Saat Muslim Indonesia Mengunjungi Gereja Katolik di Amerika

bersama pastor dan beberapa warga Milford


Bagaimanakah rasanya jika dirimu adalah seorang Muslim 
dan tiba-tiba masuk ke dalam gereja katolik?

Minggu (27/11), saya diundang seorang sahabat warga Amerika mengunjungi Gereja St Andrew di Milfrod, Cincinnati, yang terletak di negara bagian Ohio, Amerika Serikat (AS). Seminggu ini, desa kecil Milford kedatangan banyak warga yang sebelumnya merantau ke banyak kota di AS.

Mereka kembali mudik ke kota kecil itu demi merayakan momen thanksgiving, di mana acara utamanya adalah makan ayam kalkun (turkey) bersama seluruh anggota keluarga. Di tanah air, momen ini serupa dengan mudik, di mana seluruh warga pulang kampung demi berkumpul bersama keluarga.

Bersama beberapa sahabat asal Indonesia dan India, kami ikut ke Milford demi memenuhi undangan seorang sahabat. Di sini, kami disambut sebagaimana layaknya keluarga. Beberapa orang sengaja berkunjung demi berbincang dengan kami. Banyak yang terheran-heran karena kami semua paham bahasa Inggris. Makanya, mereka betah diskusi banyak hal.

lilin di dalam gereja (foto: Rashmi Sharma)

Setelah mengunjungi beberapa rumah, saya punya dua kesimpulan; (1) tidak semua warga Amerika tahu negara-negara lain, sehingga ketika bertemu warga negara lain, mereka lalu penasaran dan selalu ingin bertanya banyak hal; (2) di mana-mana, khususnya di kawasan pedesaan, selalu saja bisa ditemukan kehangatan dan persaudaraan.

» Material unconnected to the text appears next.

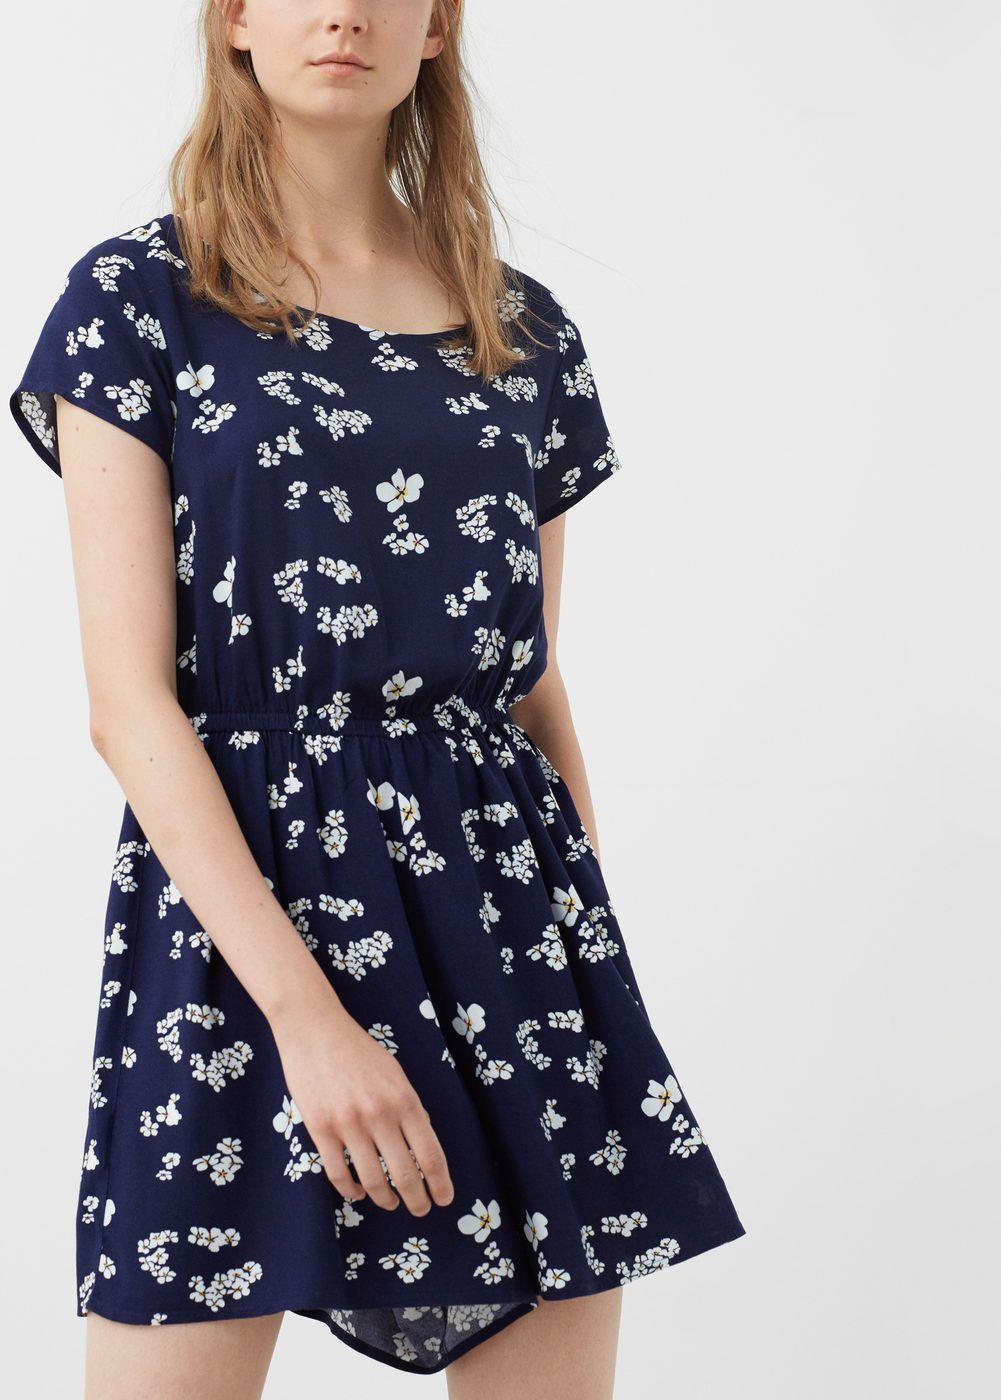 combi short fleurs femme tenue mariage pinterest combinaison pour femmes combi short. Black Bedroom Furniture Sets. Home Design Ideas

Buktinya, kami disambut seperti saudara jauh yang datang. Kami mendapat perhatian dan kasih sayang banyak orang di kota kecil itu.

Di kota kecil inilah, saya berkesempatan untuk memasuki sebuah gereja katolik yang tertua di situ. Gereja ini merupakan tempat bersejarah yang dilindungi dan dilestarikan oleh pemerintah federal dan dilestarikan.

Dikarenakan bangunan tua, maka bangunan gereja ini tidak terlalu mentereng, namun suasananya sangat asri. Tujuan saya ke gereja ini adalah demi memenuhi undangan sahabat tersebut, yang dalam beberapa minggu sebelumnya, selalu bersedia menemani saya ke masjid atau Islamic Center di Kota Athens, tempat saya berdomisili. Saya juga penasaran untuk menyaksikan bagaimana proses ibadah umat Katolik. Juga ingin tahu bagaimana mereka menilai saya yang Muslim dan tiba saja memasuki gereja.

Saya memperhatikan pengunjung gereja yang kebanyakan di antaranya adalah warga berusia lanjut dan anak-anak. Entah kenapa, saya tidak banyak menyaksikan anak-anak muda atau mereka yang berusia sebaya dengan kami.

Saya tiba-tiba teringat sahabat akrab saya, Novita Sianipar, yang hendak menulis bagaimana situasi gereja Inggris yang kian kehilangan jamaah. Kata Novita, di Medan, tempatnya berdomisili, hampir semua pemuda dan pemudi selalu meramaikan gereja. Pemandangannya sangat kontras dengan apa yang dilihatnya di Inggris. Di sinipun, saya membenarkan kalimat Novita.

Saya melihat ini sebagai fenomena global. Bahwa setiap religi atau agama mengalami dilema terkait dengan ekspansi sains yang sedemikian jauh hingga mengobrak-abrik keyakinan.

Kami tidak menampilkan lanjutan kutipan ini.